Metabolic reactions follow the laws of physics and chemistry, so modeling metabolic reactions requires considering many physicochemical constraints . Considering the balance of inflow and outflow of every chemical reaction within the entire metabolic network, we can estimate reaction flow under a steady state and predict optimal performance for bioproduction . However, it is still difficult to model dynamic behavior of the whole metabolic network, since kinetic parameters and the regulatory interaction of enzymes are not fully determined. Actually, to respond to external perturbations and internal needs, metabolic pathways must be efficiently regulated, so they are linked to signaling networks. Metabolic imbalance causes many severe human diseases such as diabetes, cancer, cardiovascular problems, obesity, gout, and tyrosinemia.
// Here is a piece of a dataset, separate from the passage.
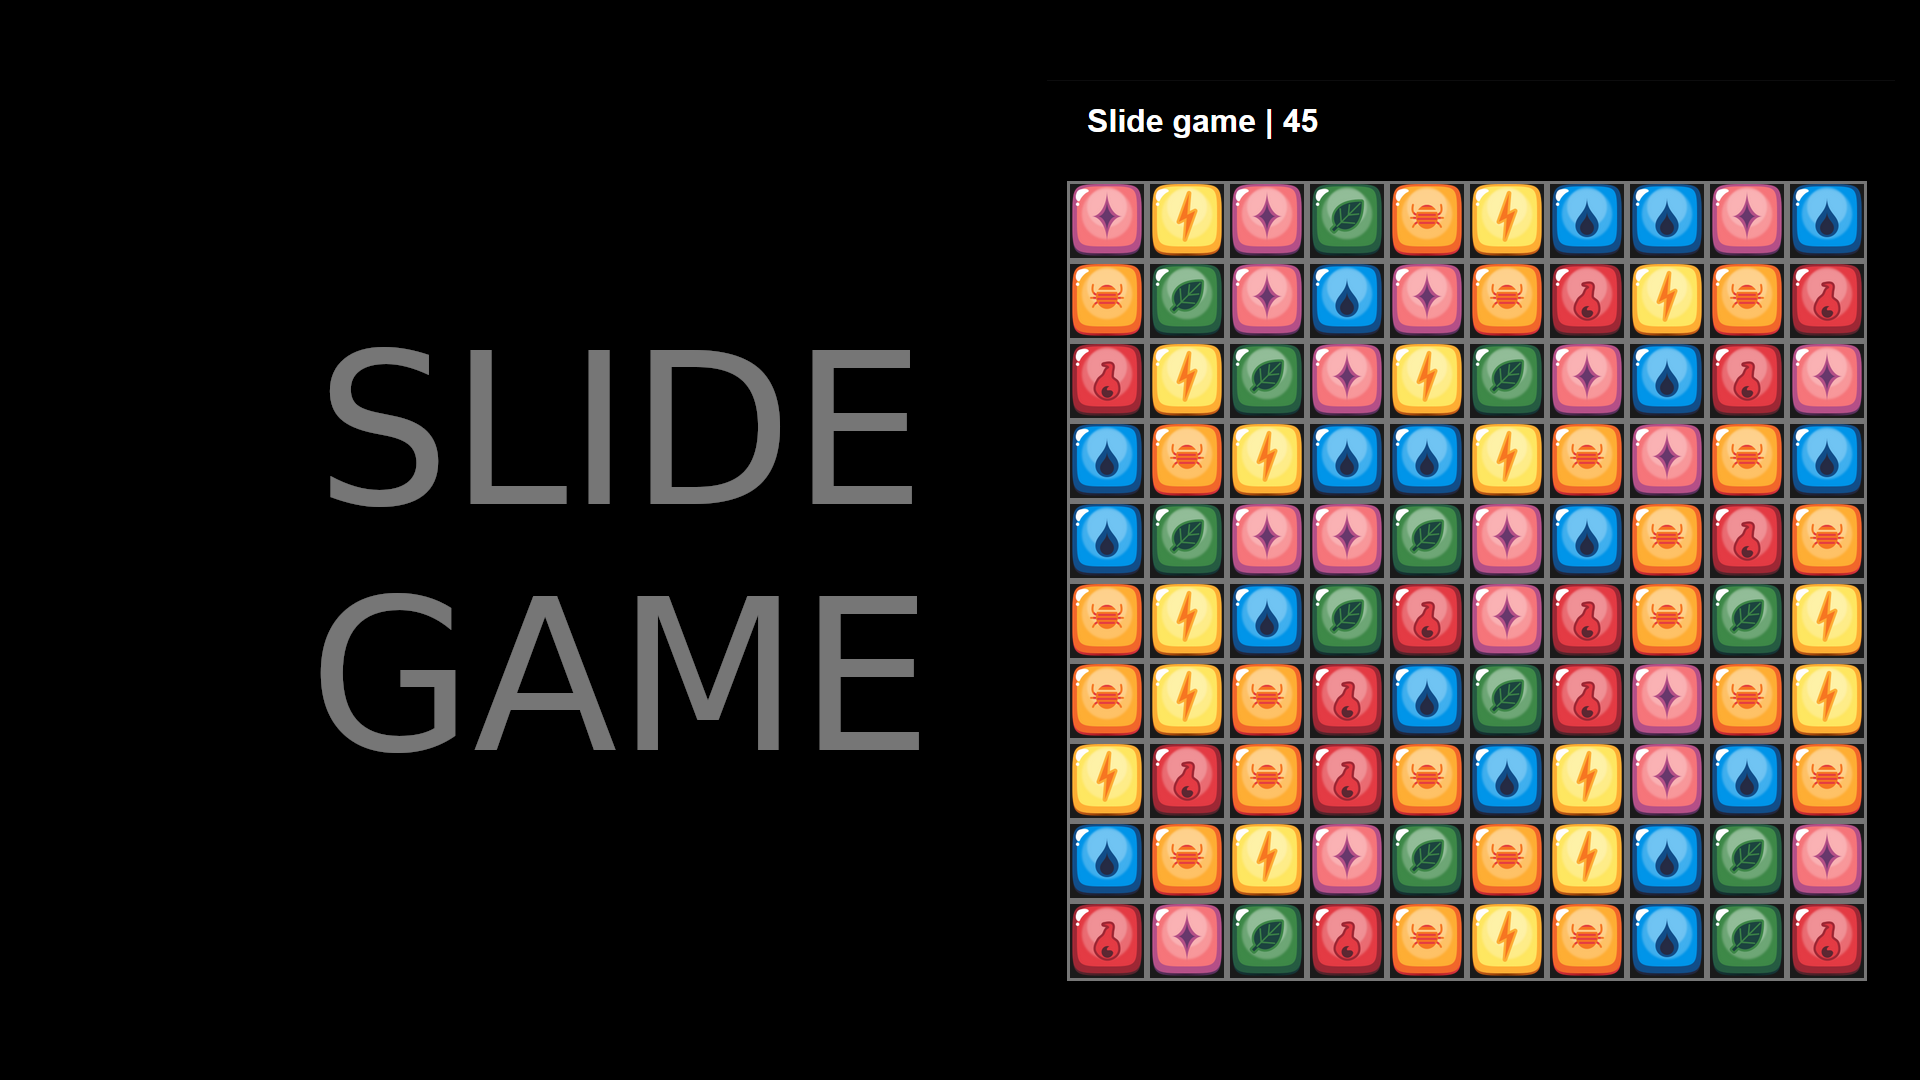 Slide game image

Metabolism is a general term for two kinds of reactions, catabolic and anabolic reactions. Catabolic reactions refer to chemical reactions that break more complex organic molecules into simpler substances. They usually release energy that drives chemical reactions. In these reactions, large molecules such as polysaccharides, lipids, nucleic acids, and proteins are broken down into smaller units such as monosaccharides, fatty acids, nucleotides, and amino acids. The energy from catabolic reactions is used to drive anabolic reactions. Anabolic reactions refer to chemical reactions in which simpler substances are combined to form more complex molecules. These reactions usually require energy to build new molecules and/or store energy. The energy for chemical reactions is stored in adenosine triphosphate (ATP).
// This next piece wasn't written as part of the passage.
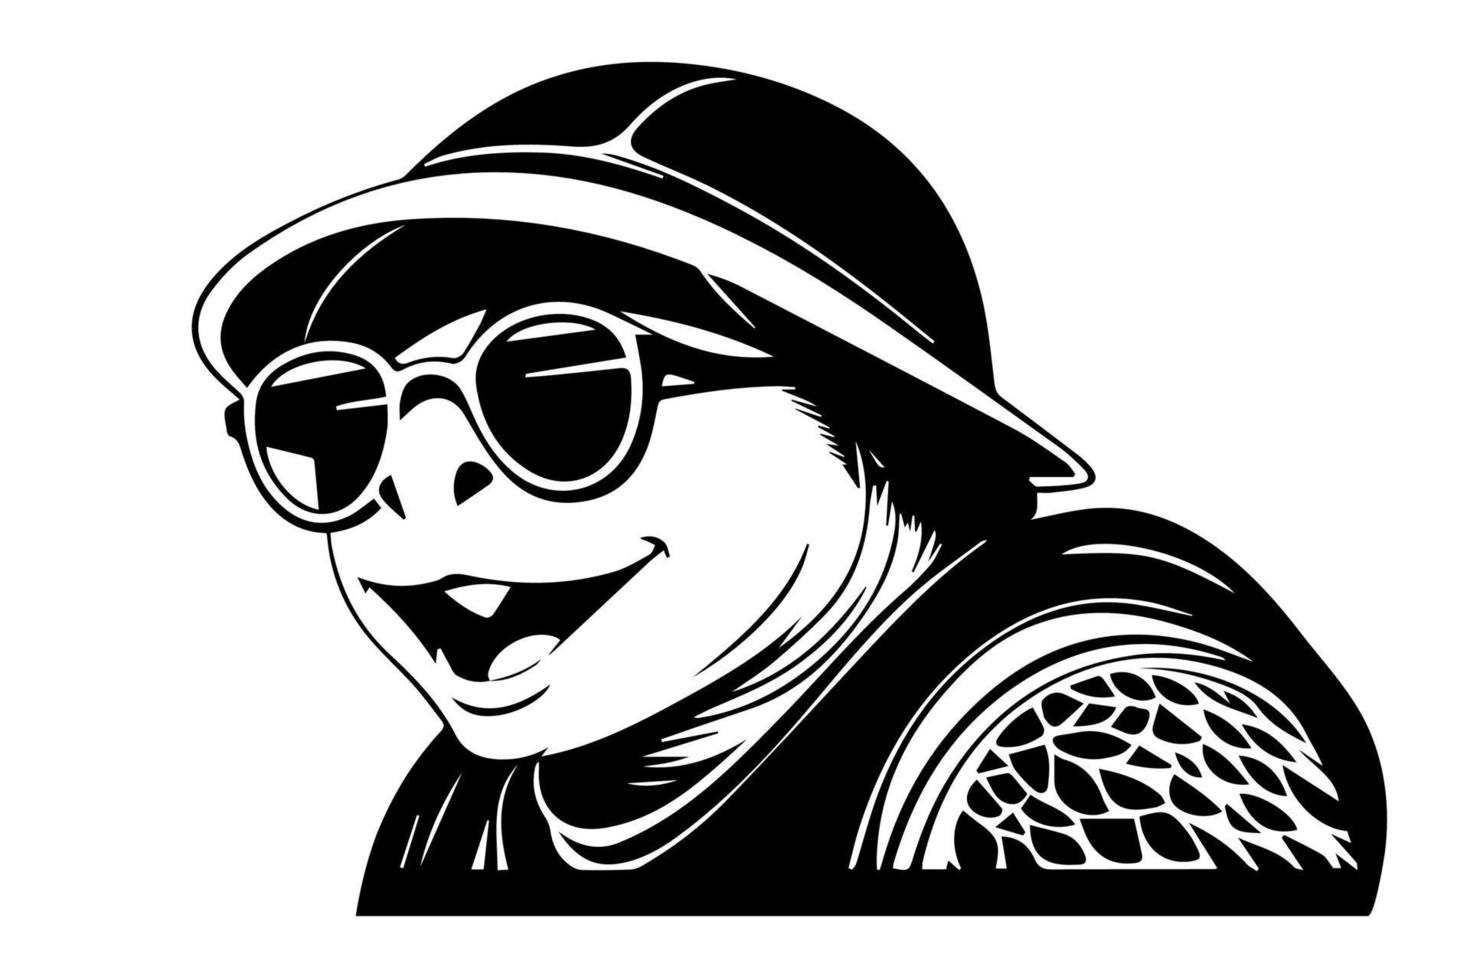 Tortuga en un sombrero y Gafas de sol. vector ilustración. negro y blanco.

The term metabolic network usually means a collection of metabolic reactions represented as networks, where the metabolites are the nodes, and two metabolites are connected if one of them is a substrate and the other is the product of a reaction. Genome scale reconstruction of a metabolic network involves thousands of metabolites and reactions. Metabolic reactions are catalyzed by enzymes, which in a broader sense are themselves gene products or proteins. Metabolic networks therefore contain information about both metabolites and proteins where the metabolites are nodes and the proteins/enzymes are edges. There are other ways of representing metabolic pathways, such as Bipartite graphs or Petri nets [104, 105]. A metabolic pathway can be represented as a bipartite graph by considering the metabolites as one set of nodes and the enzymes as another set of nodes. Such a representation can provide some overall preliminary information about the system.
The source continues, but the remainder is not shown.